36. Suppose that you are inside a grid and you can only walk either to the square below or to the right of you. How many paths are there between the origin and (x,y)?

37. Suppose that in 2020, UnrealSoftware users reorganized themselves into provinces and there are yearly elections for a moderator (out of two candidates). Suppose that there are 1000 provinces consisting of k_i users for each province i, and each province will put all of its votes into only one candidate. Given a randomly generated set of k_i, determine if it's possible for a tie to occur.

38. Suppose that China has recently decided to switch its language completely into pinyin (made up of the english alphabet), but are adamant about not putting spaces around words. For example, in english, the phrase "how are you doing" would become "howareyoudoing" if we're using the reformed chinese analogy. Suppose I give you an electronic dictionary of pinyin to chinese characters, write a program that can parse a stream of pinyin and output a character translation if one exists.

(Note: the obvious method for 38 may not work here; why?)
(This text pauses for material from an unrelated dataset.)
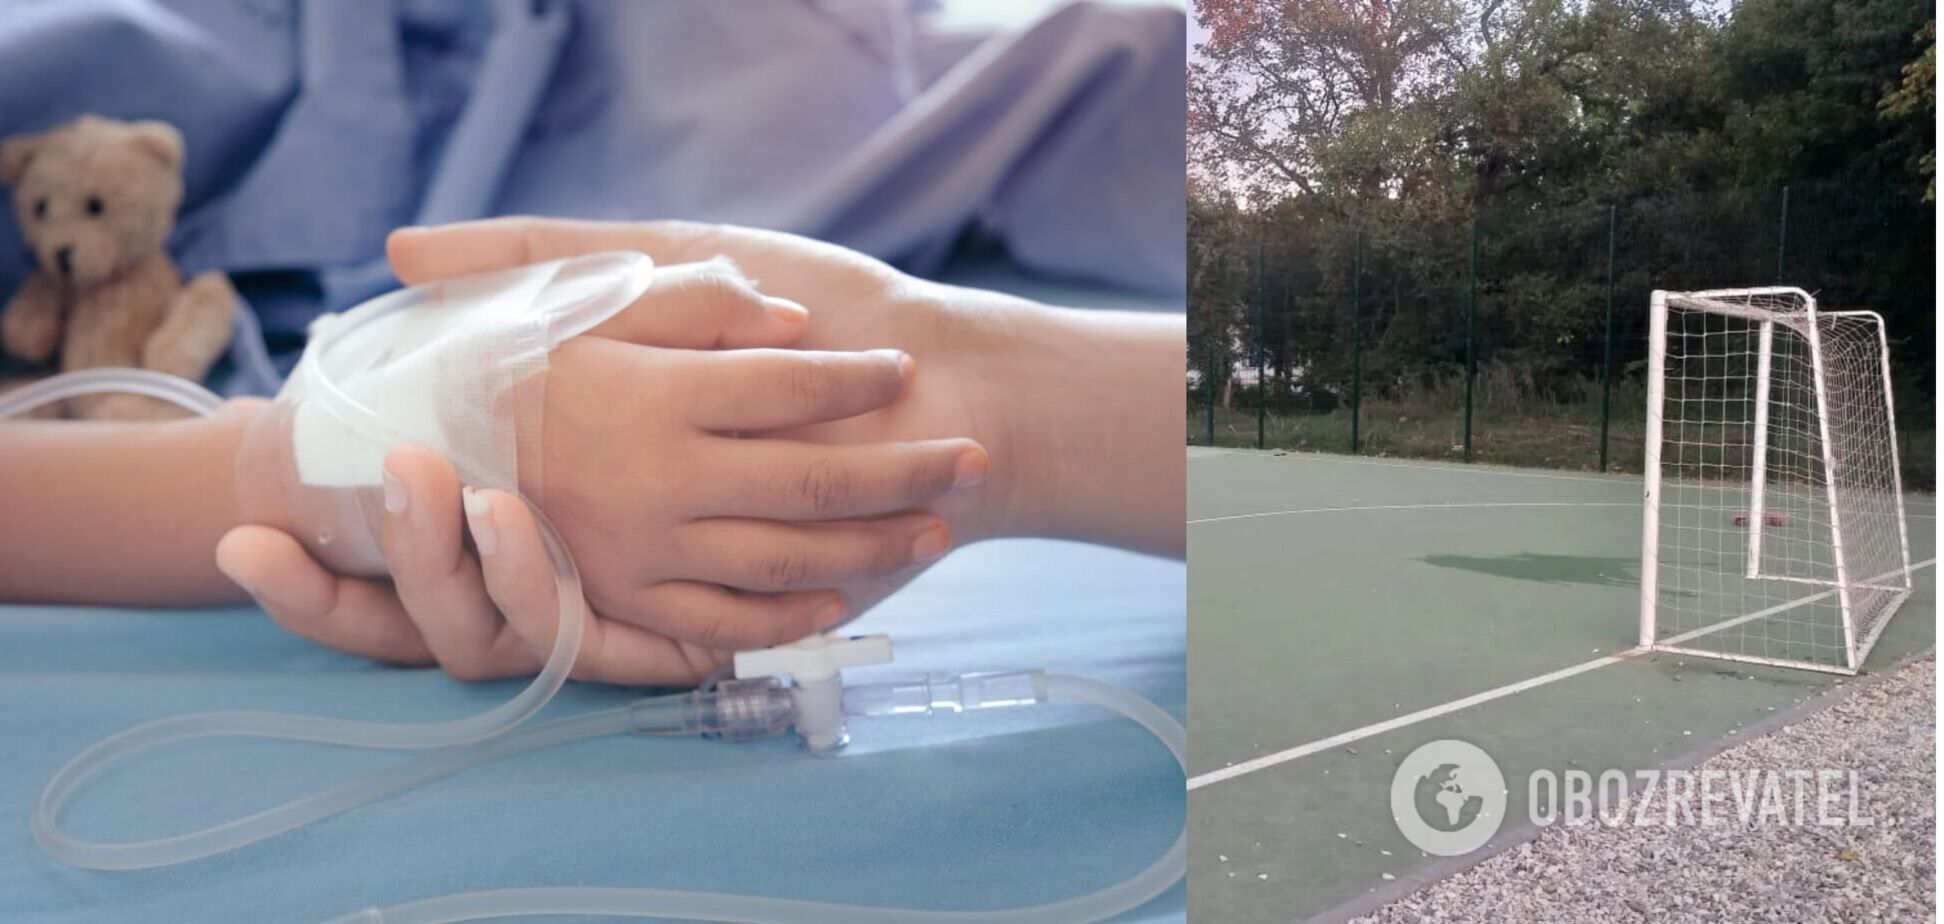 Момент падіння футбольних воріт на школяра в Харкові потрапив на відео: за його життя борються лікарі
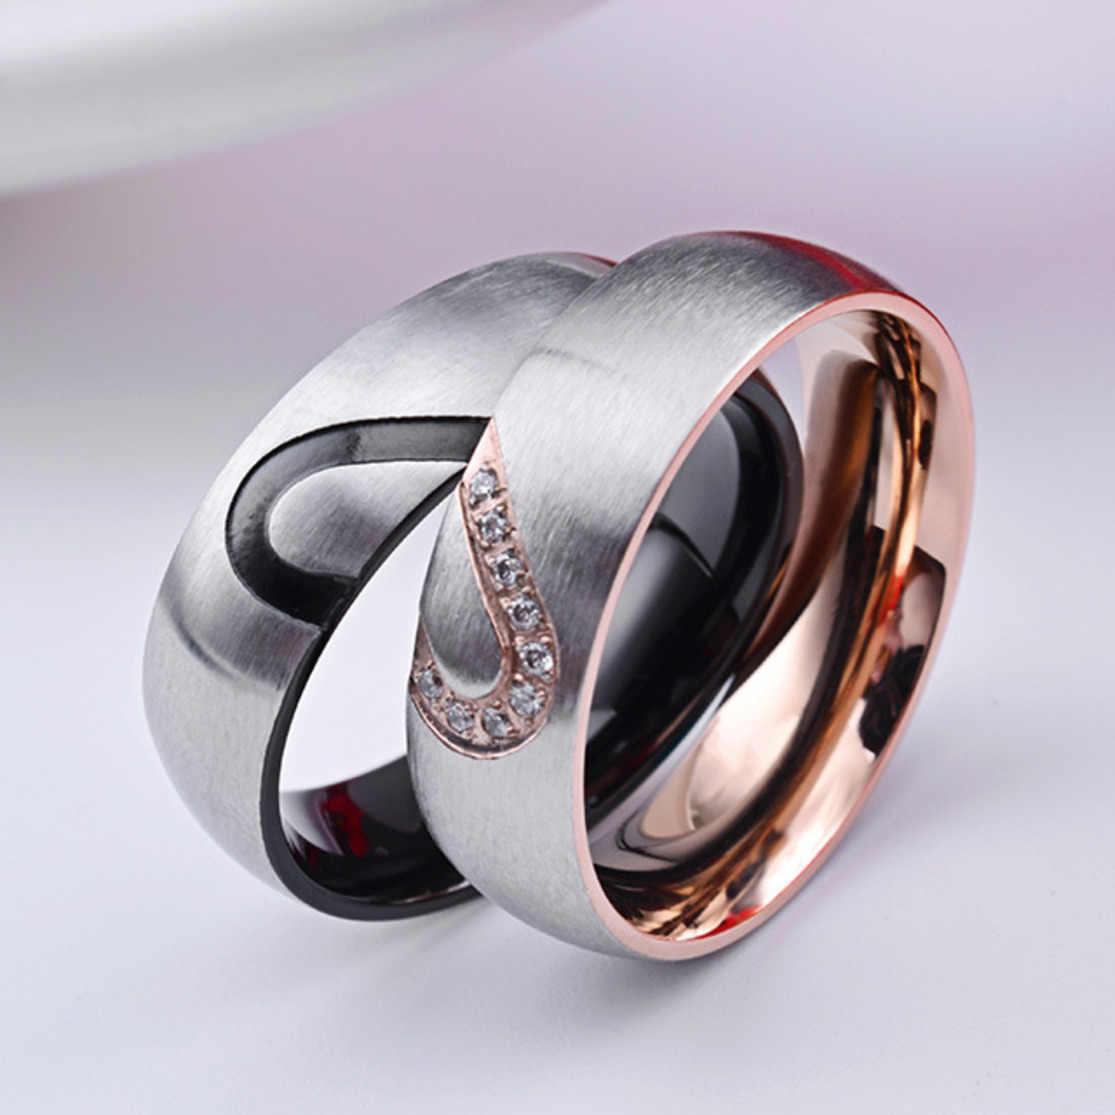 Bague de fiançailles en acier inoxydable pour Couples, bague de fiançailles de mariage, zircon cubique CZ 6mm incrusté

39. (Slightly challenging) Suppose that you live in a world where once a person makes a call, he cannot make another call for the rest of that minute. General Sherman was a general and had 10 officers that he can directly call, and those 10 officers each have some number of direct subordinates to whom they can call (think of this like a tree/hierarchy of command). Suppose the general wanted to everyone hi (i.e., each person is to utter the phrase "the general says hi, send it along" and hang up) which takes 0 seconds to do (assuming), then what is the least number of minutes it takes for everyone under Sherman's command to get the message if there are over 100 levels of command in this hypothetical world (generate a random test case)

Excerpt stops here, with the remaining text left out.